What you need to do>
The output is a word-for-word repeat of the listing below, free of images.

Given data>
--------------------------------

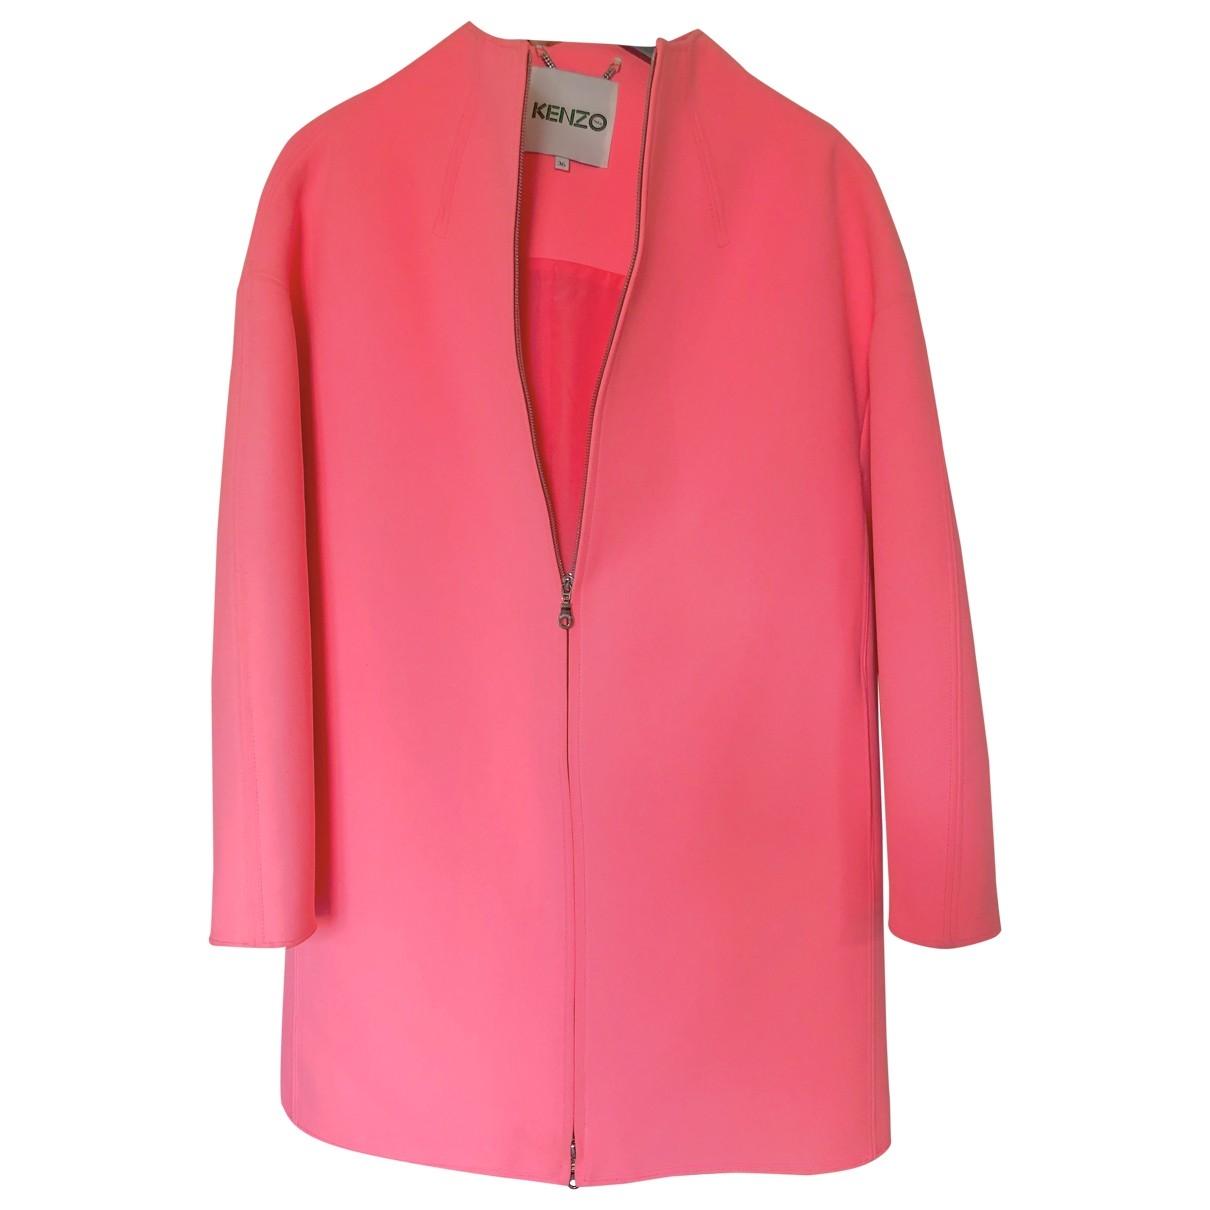 Kenzo - Manteau   pour femme - rose
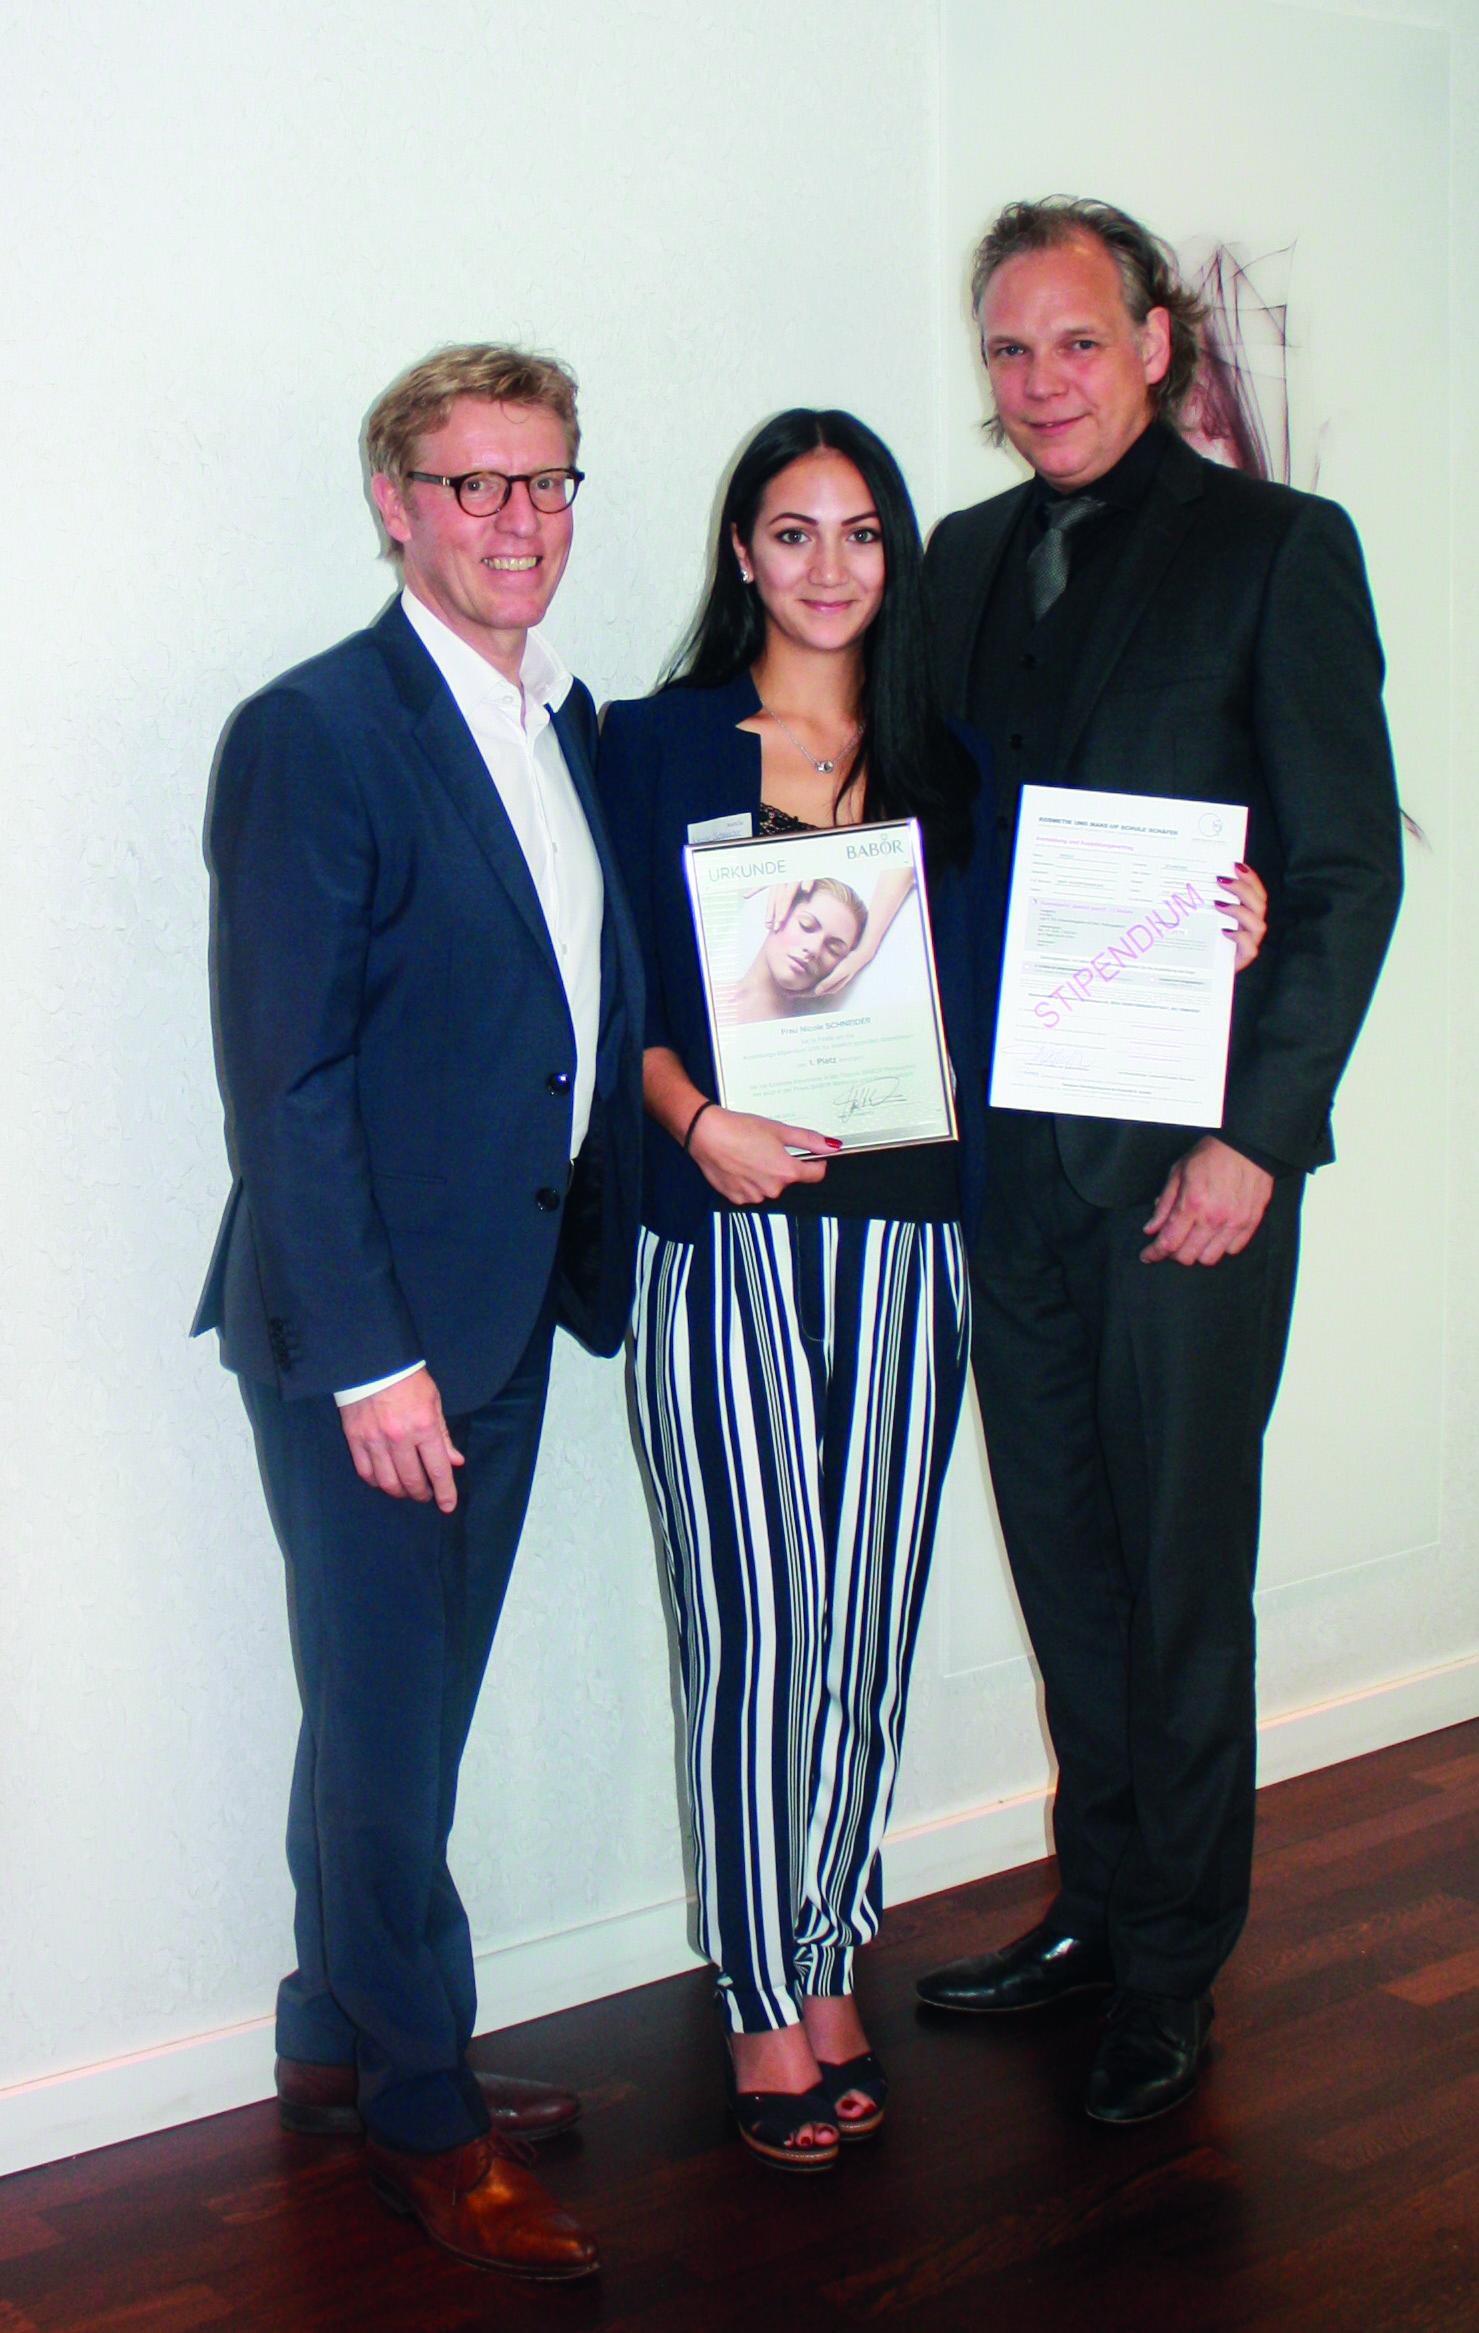 BABOR_Finale Stipendium Kosmetikschule Schäfer_Gewinnerin Nicole Schneider und Jury
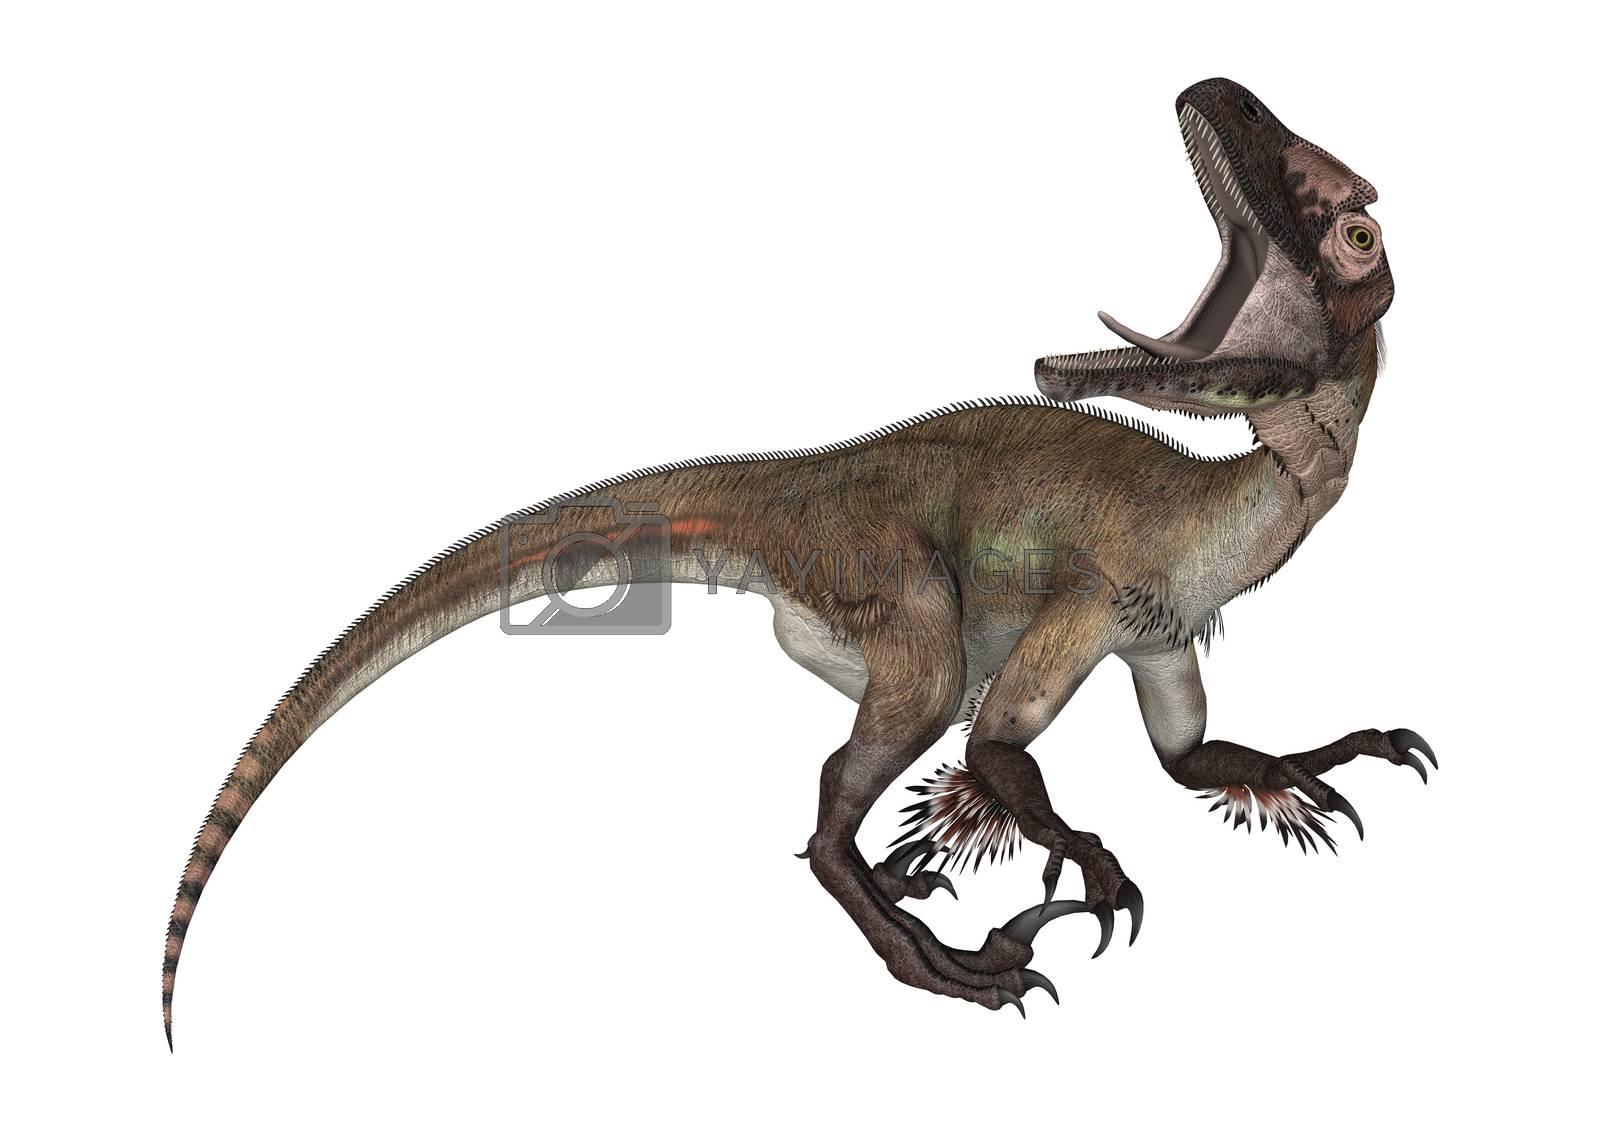 3D digital render of a dinosaur utahraptor isolated on white background
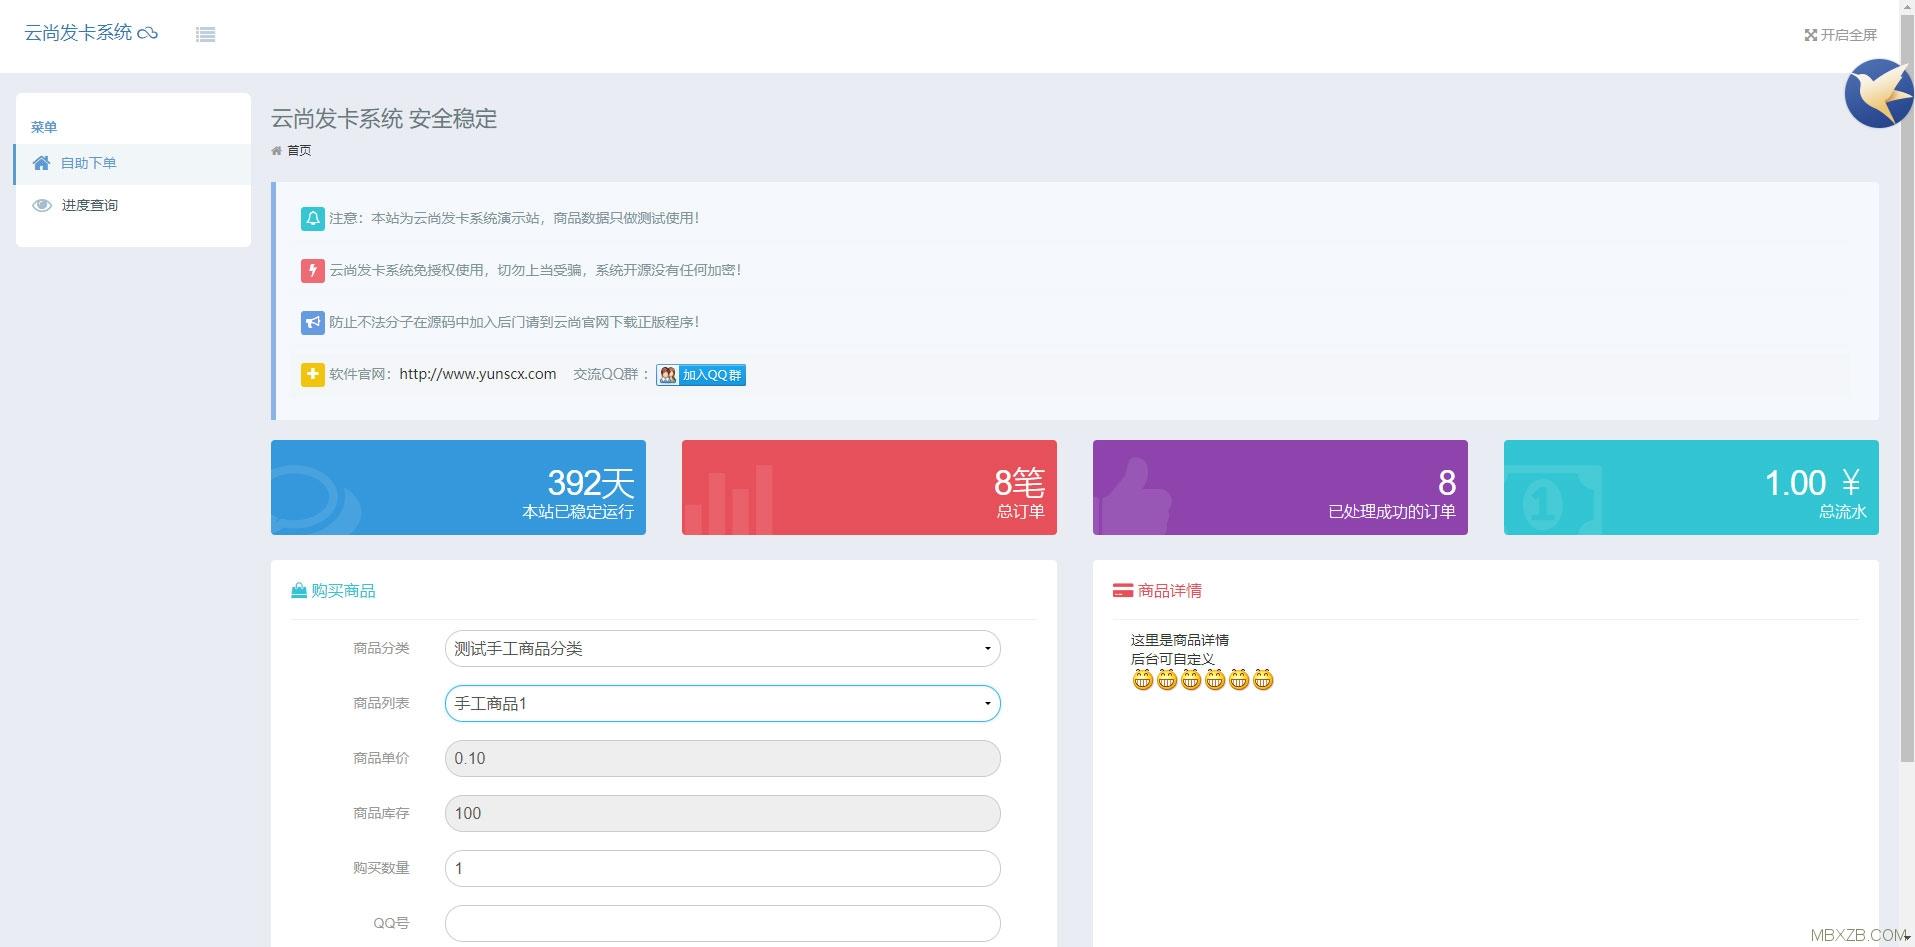 云尚发卡系统V1.4.1|自动发卡+订单处理系统+一键安装|免授权直接使用

--------------------------------

Expected answer>
 Kenzo - Manteau   pour femme - rose
 BABOR_Finale Stipendium Kosmetikschule Schäfer_Gewinnerin Nicole Schneider und Jury
 3D digital render of a dinosaur utahraptor isolated on white background
 云尚发卡系统V1.4.1|自动发卡+订单处理系统+一键安装|免授权直接使用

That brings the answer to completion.